**Records provided:**
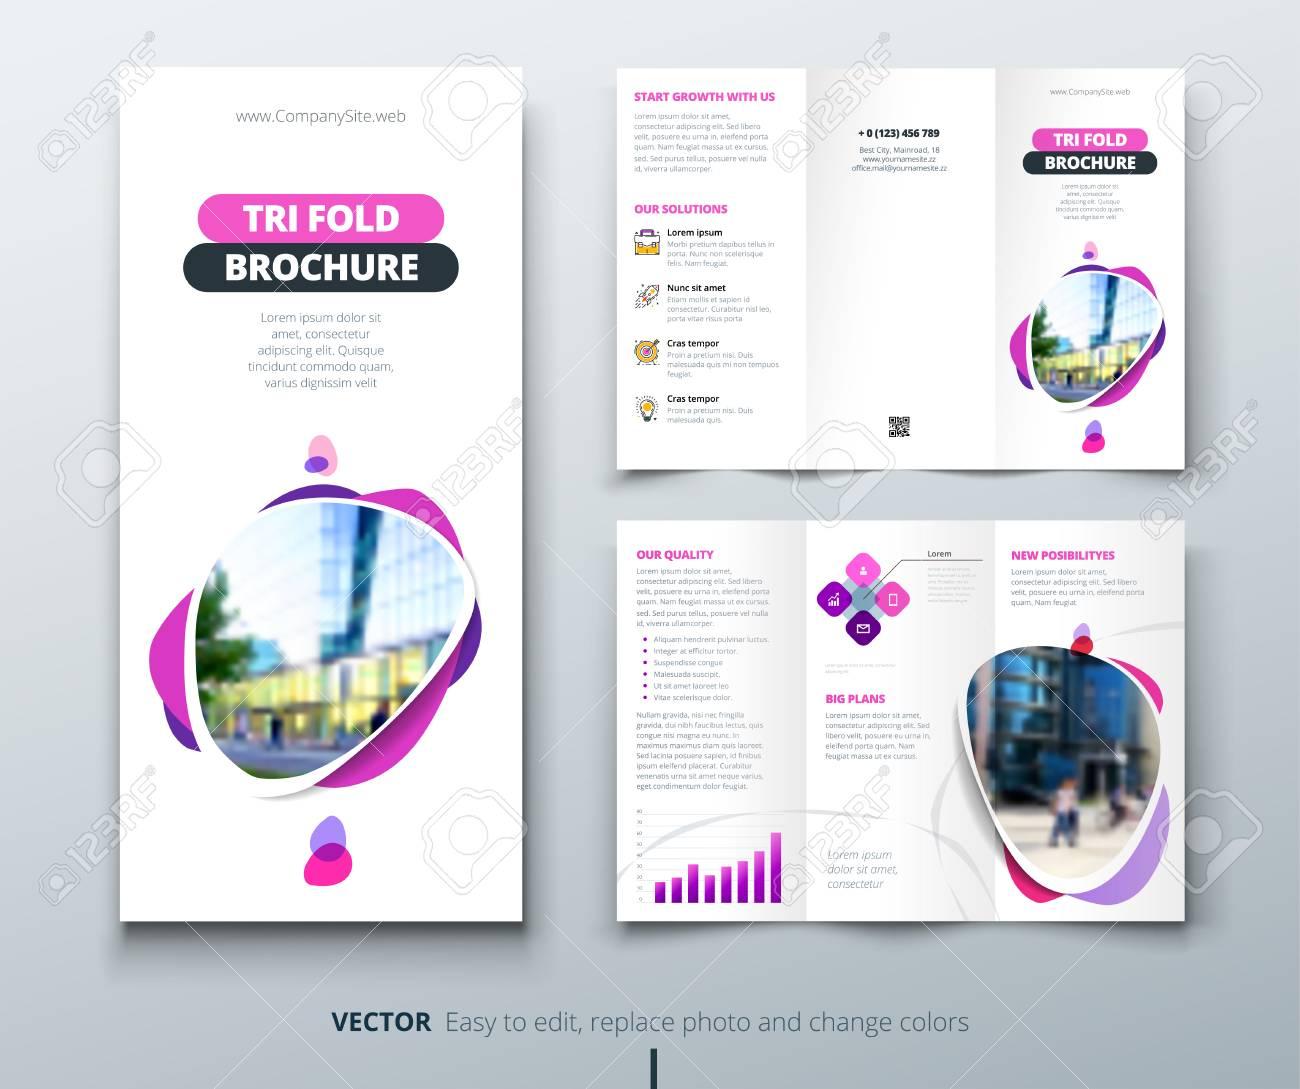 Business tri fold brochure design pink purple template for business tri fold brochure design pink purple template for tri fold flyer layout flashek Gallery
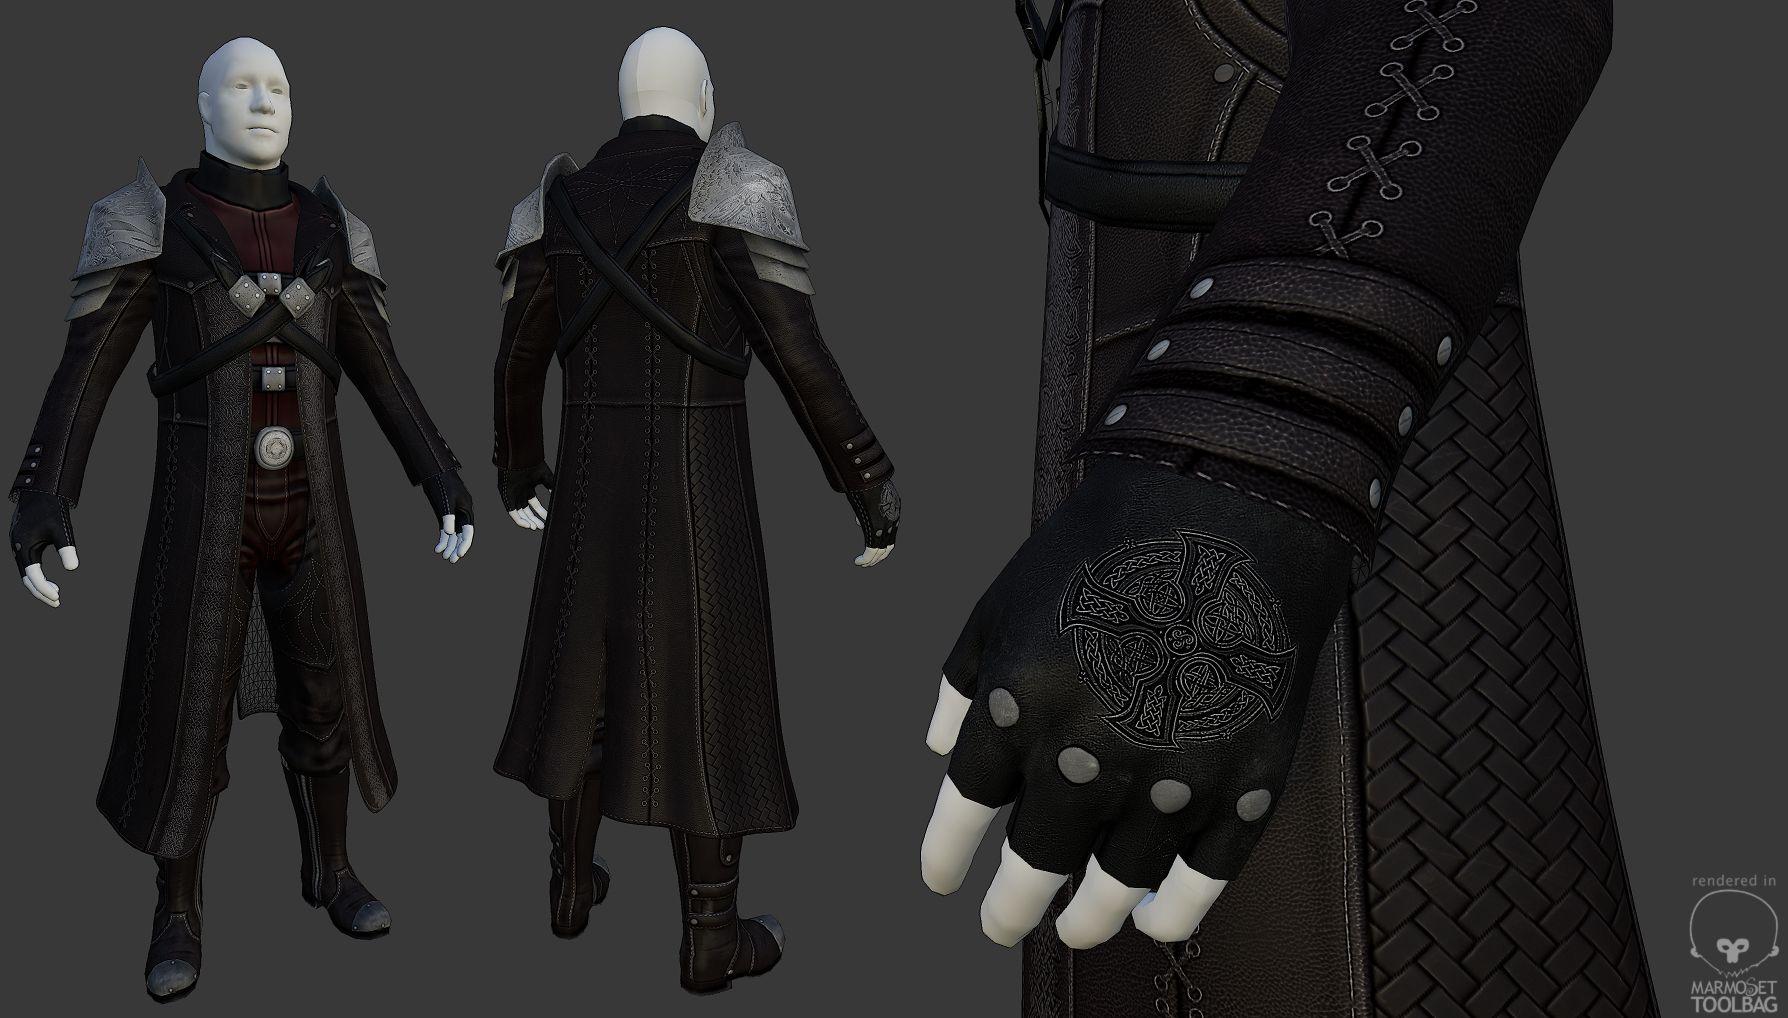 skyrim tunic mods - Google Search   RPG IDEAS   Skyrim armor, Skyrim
...
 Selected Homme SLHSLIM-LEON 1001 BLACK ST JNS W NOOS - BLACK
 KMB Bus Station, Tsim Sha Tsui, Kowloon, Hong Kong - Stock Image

**What needs to be done:**
Using the entries above, extract exactly the lines from the one that contains "layout flashek Gallery" through the one that contains "skyrim tunic mods". Do not carry over any pictures.

**Result:**
 Business tri fold brochure design pink purple template for business tri fold brochure design pink purple template for tri fold flyer layout flashek Gallery
 skyrim tunic mods - Google Search   RPG IDEAS   Skyrim armor, Skyrim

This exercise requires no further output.